'A ROMANCE OF TWO WORLDS'

By MARIE CORELLI

IT is an unromantic thing for an author to have had no literary vicissitudes. One cannot expect to be considered interesting, unless one has come up to London with the proverbial solitary 'shilling,' and gone about hungry and footsore, begging from one hard-hearted publisher's house to another with one's perpetually rejected manuscript under one's arm. One ought to have consumed the 'midnight oil;' to have 'coined one's heart's blood' (to borrow the tragic expression of a contemporary gentleman-novelist); to have sacrificed one's self-respect by metaphorically crawling on all-fours to the critical faculty; and to have become æsthetically cadaverous and blear-eyed through the action of inspired dyspepsia. Now, I am obliged to confess that I have done none of these things, which, to quote the Prayer-book, I ought to have done. I have had no difficulty in making my career or winning my public. And I attribute my good fortune to the simple fact that I have always tried to write straight from my own heart to the hearts of others, regardless of opinions and indifferent to results. My object in writing has never been, and never will be, to concoct a mere story which shall bring me in a certain amount of cash or notoriety, but solely because I wish to say something which, be it ill or well said, is the candid and independent expression of a thought which I will have uttered at all risks.

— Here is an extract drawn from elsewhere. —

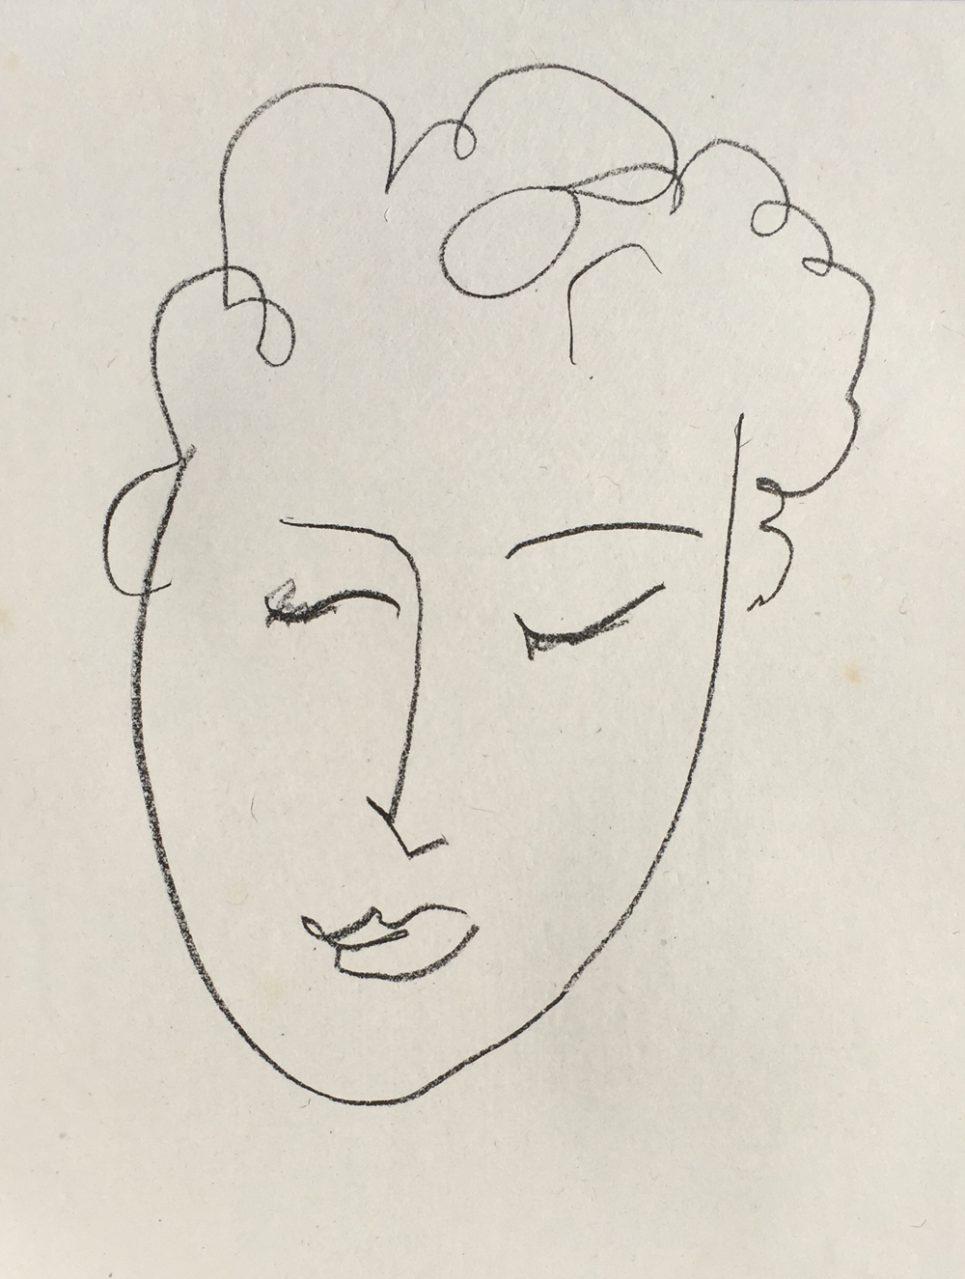 Henri Matisse - Jules Romains (from Pierres Levees)

In this spirit I wrote my first book, 'A Romance of Two Worlds,' now in its seventh edition. It was the simply worded narration of a singular psychical experience, and included certain theories on religion which I, personally speaking, accept and believe. I had no sort of literary pride in my work whatsoever; there was nothing of self in the wish I had, that my ideas, such as they were, should reach the public, for I had no particular need of money, and certainly no hankering after fame. When the book was written I doubted whether it would ever find a publisher, though I determined to try and launch it if possible. My notion was to offer it to Arrowsmith as a shilling railway volume, under the title 'Lifted Up.' But in the interim, as a kind of test of its merit or demerit, I sent the MS. to Mr. George Bentley, head of the long-established and famous Bentley publishing firm. It ran the gauntlet of his 'readers' first, and they all advised its summary rejection. Among these 'readers' at that time was Mr. Hall Caine. His strictures on my work were peculiarly bitter, though, strange to relate, he afterwards forgot the nature of his own report. For, on being introduced to me at a ball given by Miss Eastlake, when my name was made and my success assured, he blandly remarked, before a select circle of interested auditors, that he 'had had the pleasure of recommending' my first book to Mr. Bentley! Comment on this were needless and unkind: he tells stories so admirably that I readily excuse him for his 'slip of memory,' and accept the whole incident as a delightful example of his inventive faculty.